> **Problem to work on**: Nothing but the lines below between the line holding "Springboks Beat the Scots" and the line holding "Profitable Growth Strategy.", inclusive, should appear in the answer, each set down exactly.

BEGIN Listed records

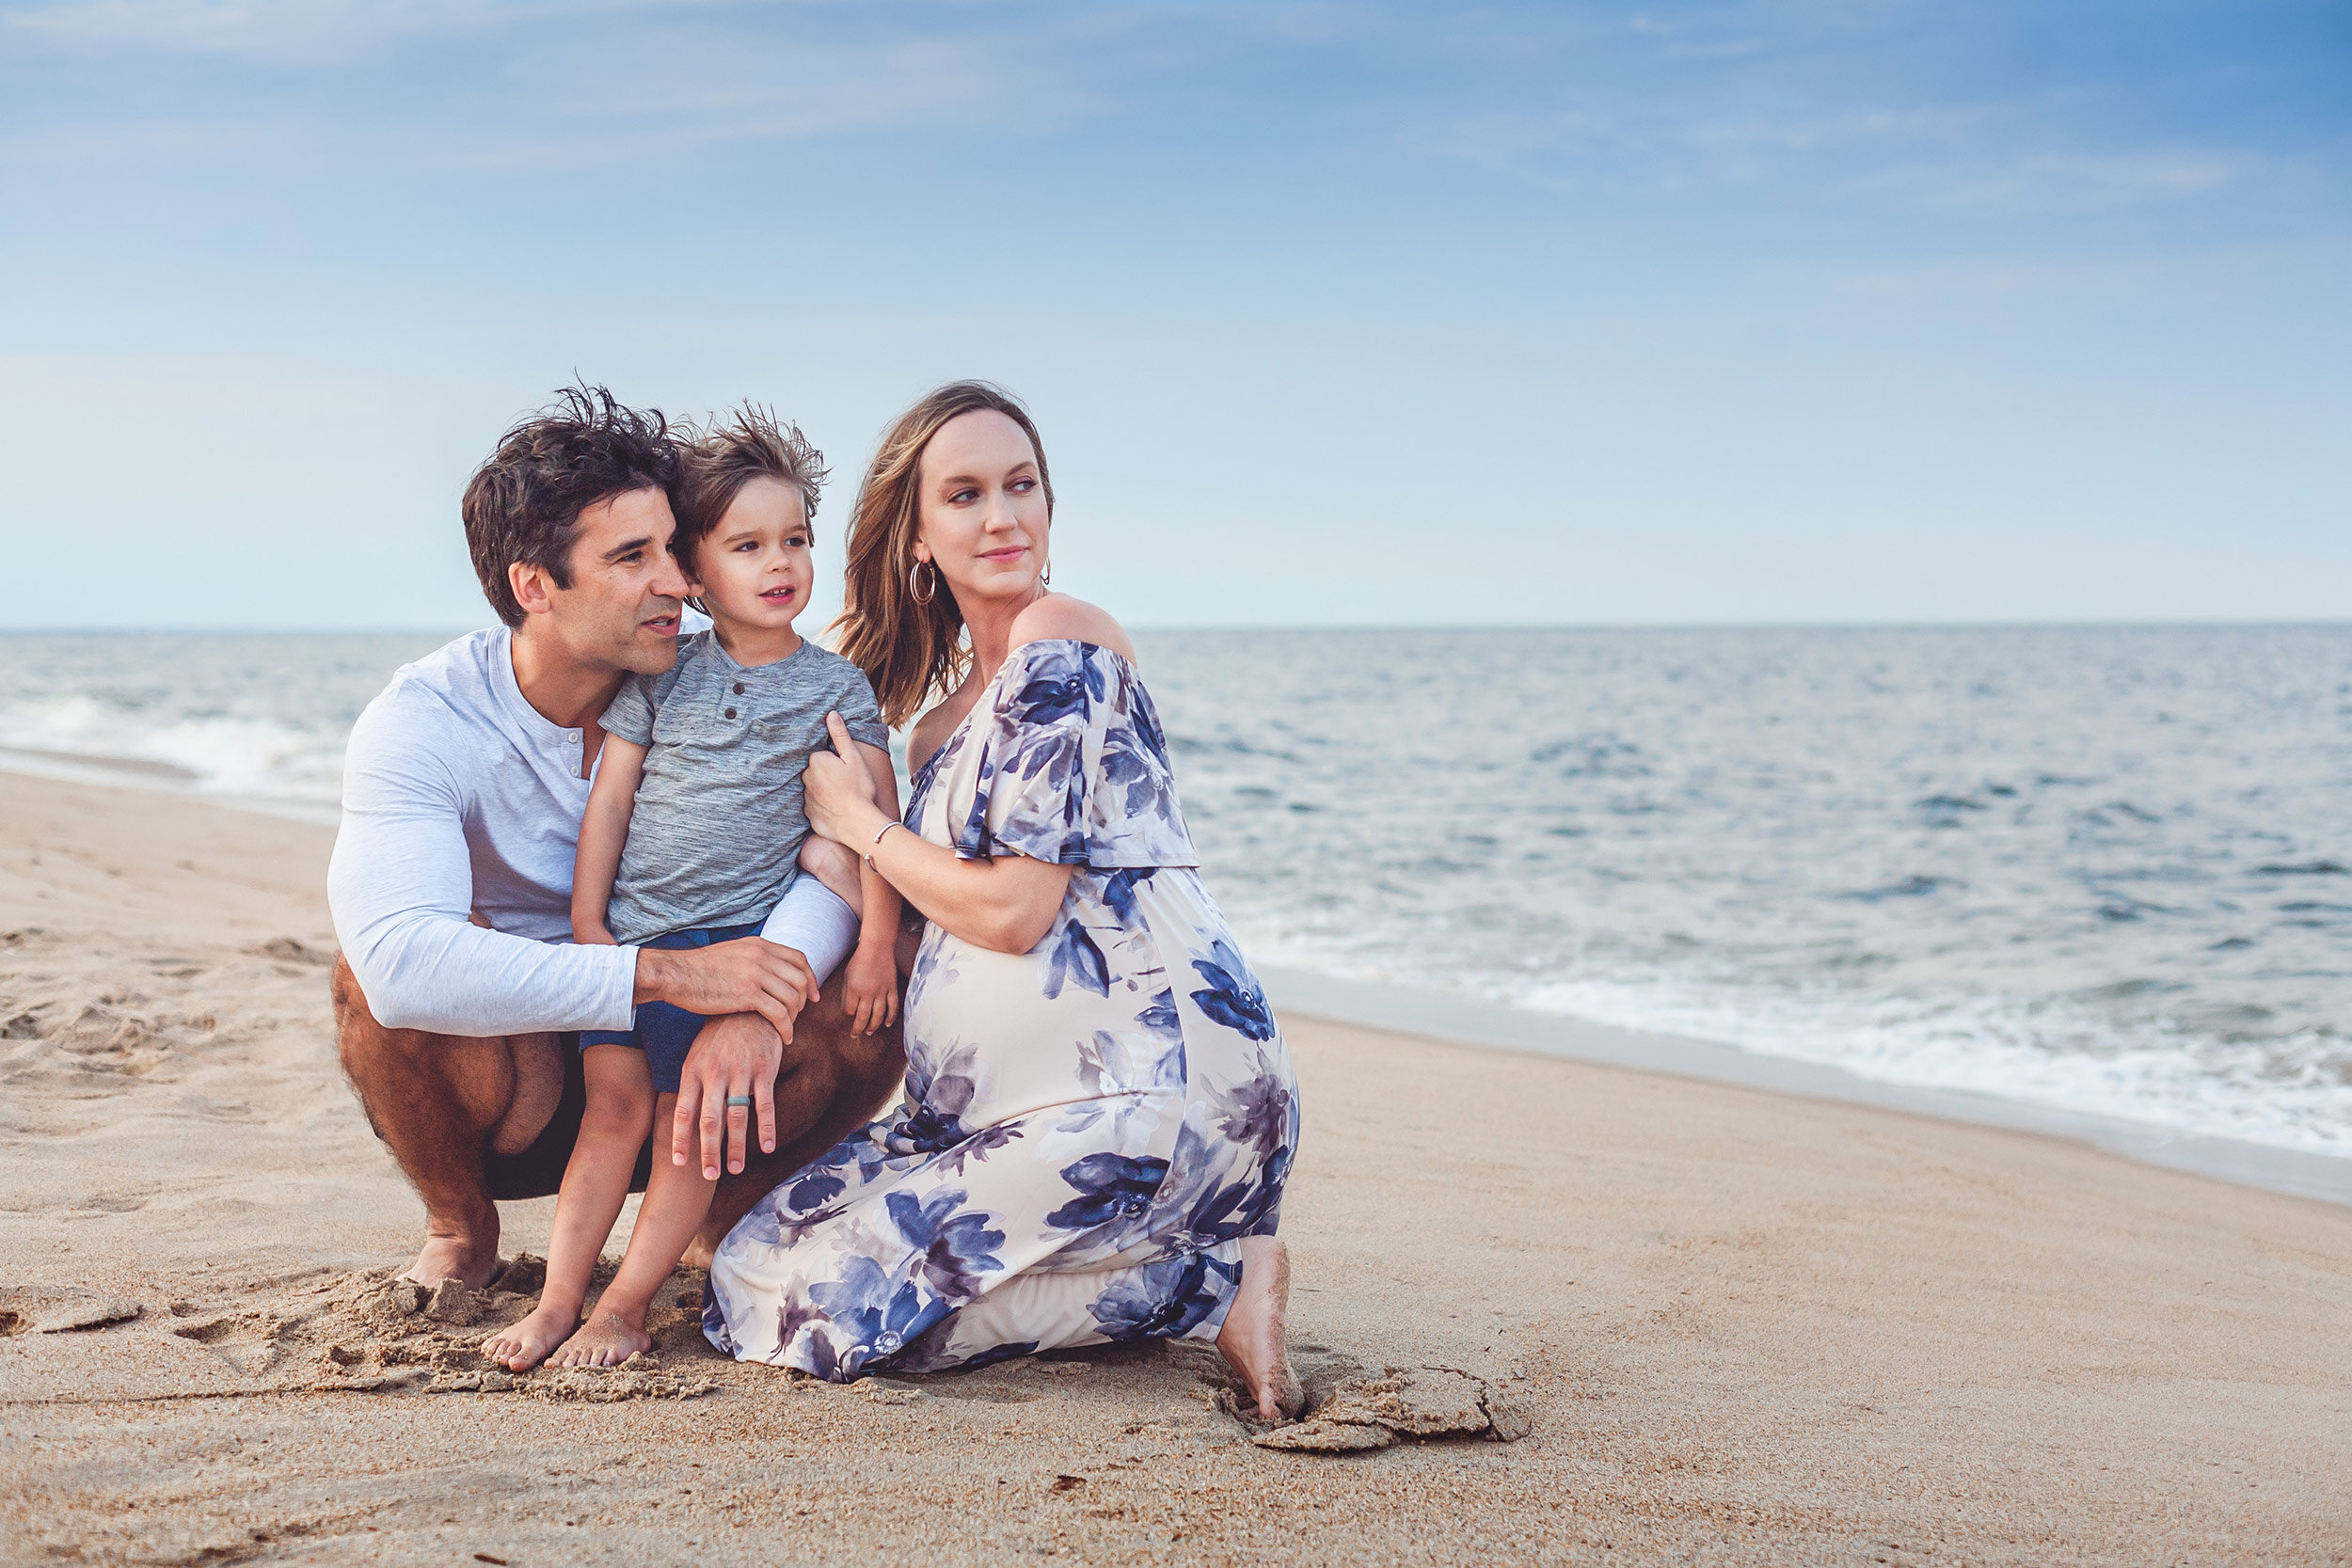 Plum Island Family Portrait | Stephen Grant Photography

END Listed records
BEGIN Listed records

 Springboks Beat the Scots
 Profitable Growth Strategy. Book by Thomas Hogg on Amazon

END Listed records
BEGIN Listed records

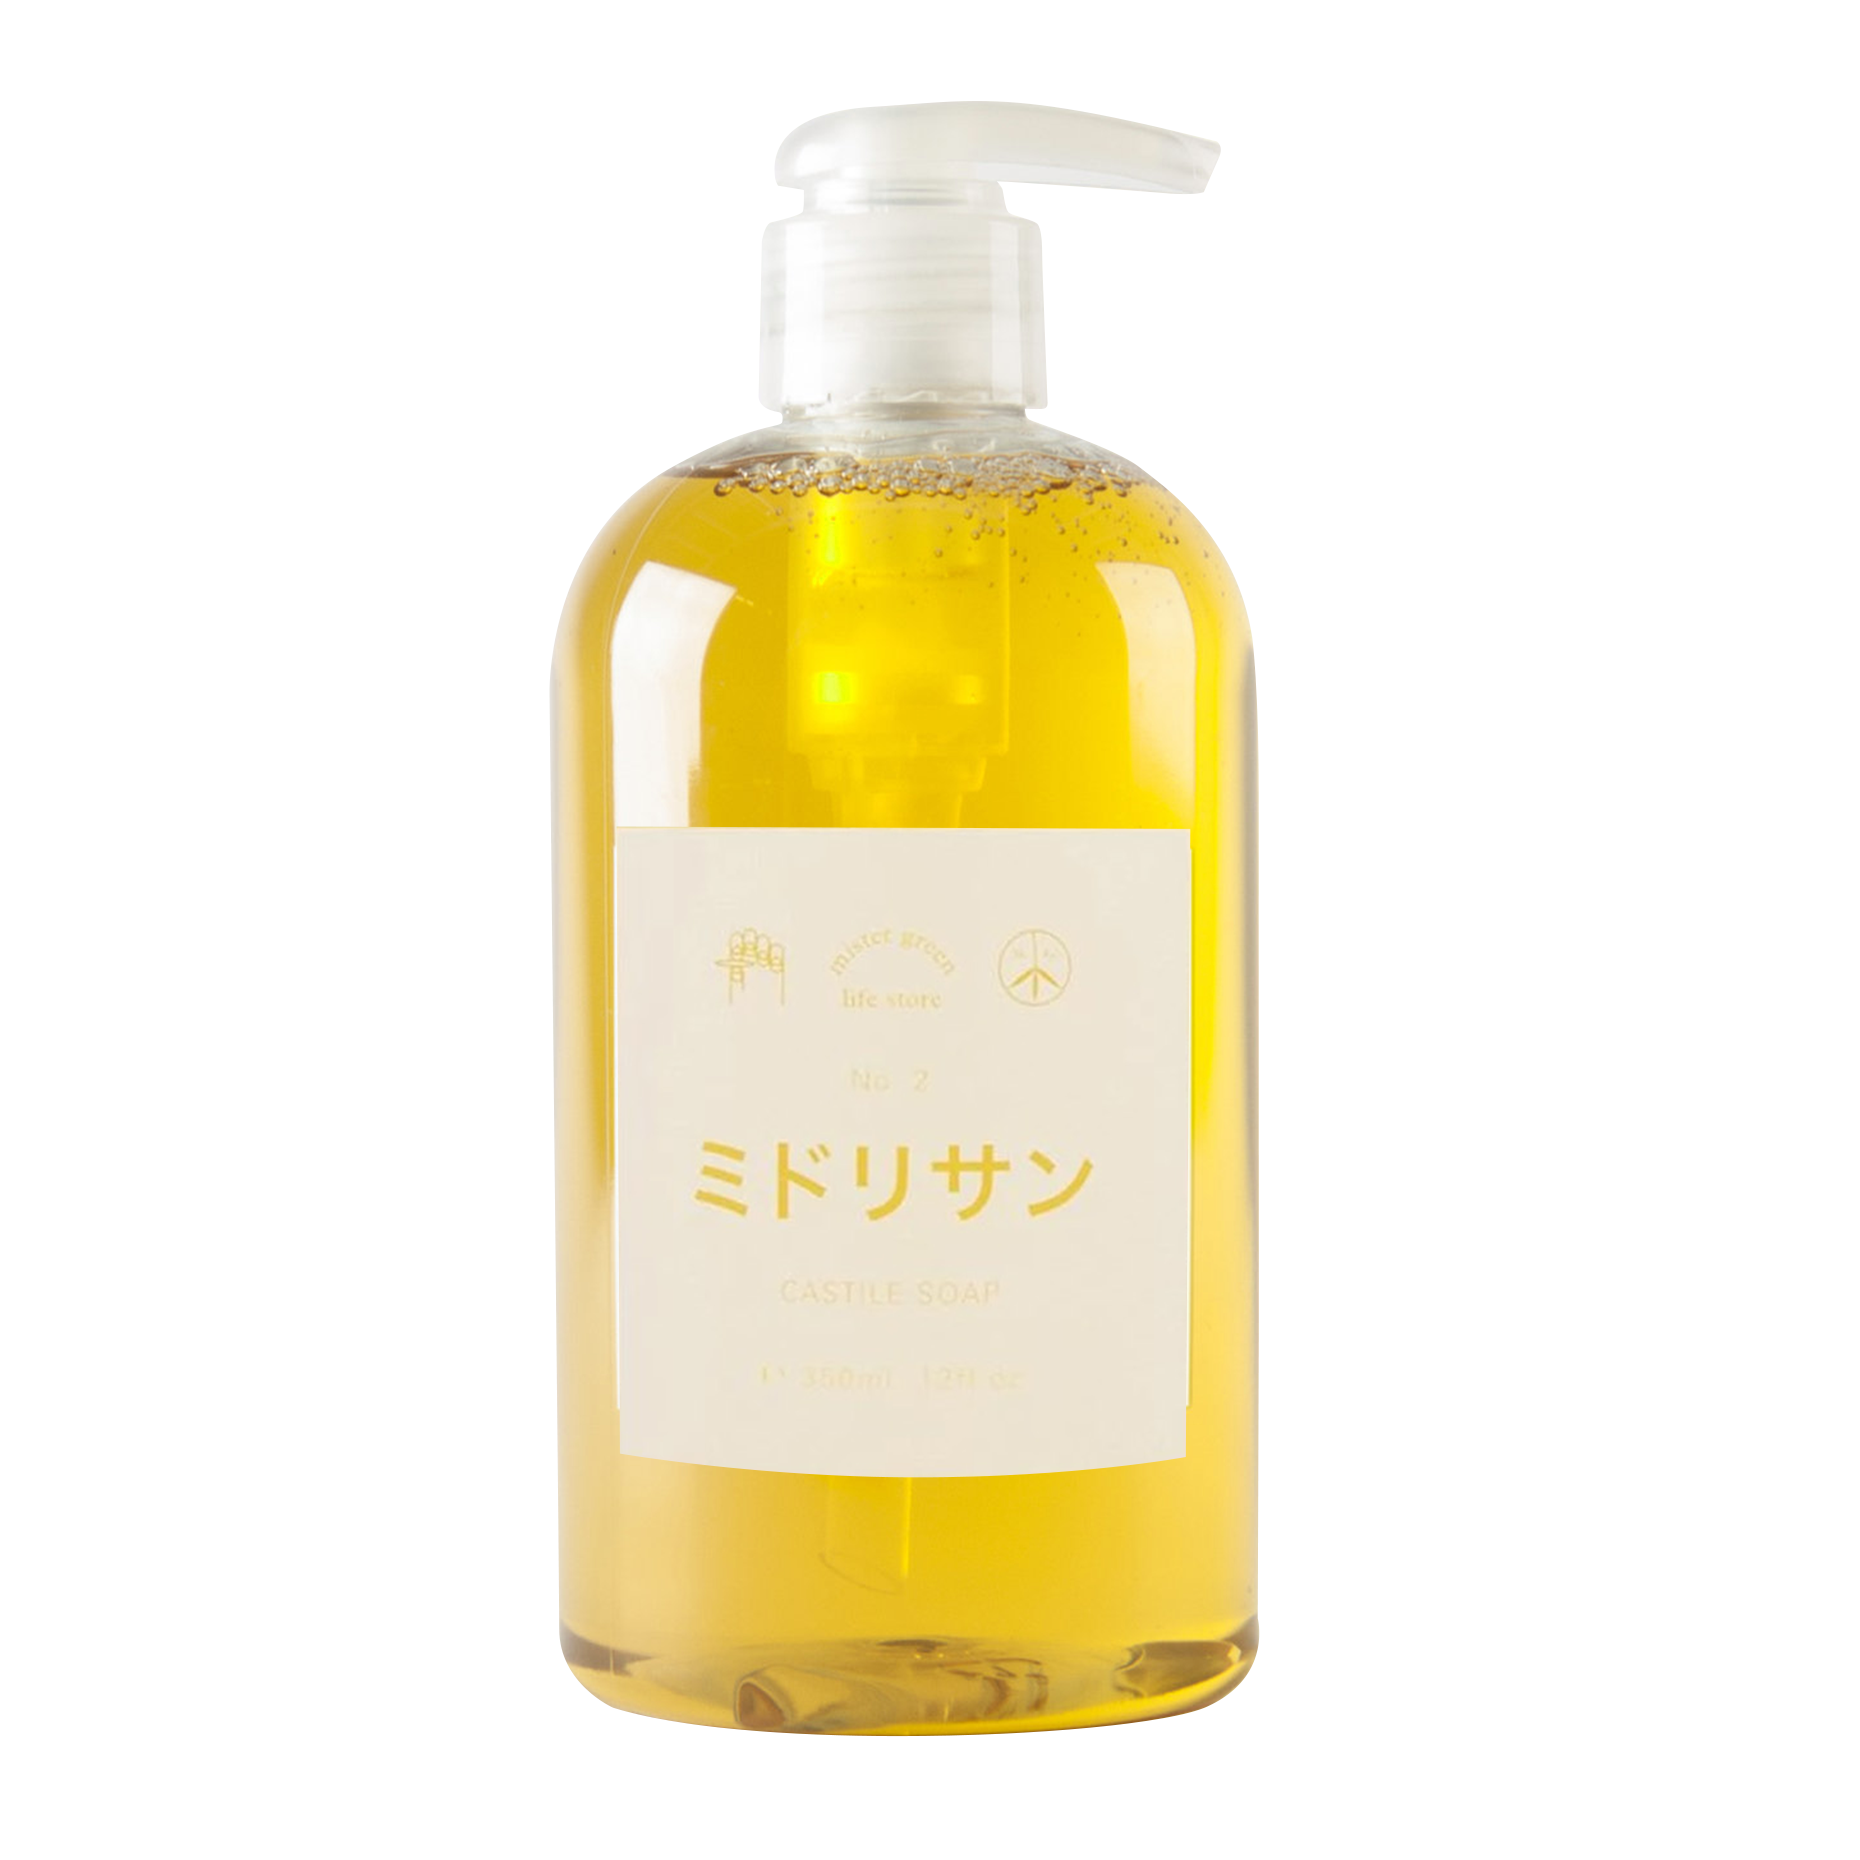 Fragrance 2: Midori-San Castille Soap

END Listed records

> **Written response**:
 Springboks Beat the Scots
 Profitable Growth Strategy. Book by Thomas Hogg on Amazon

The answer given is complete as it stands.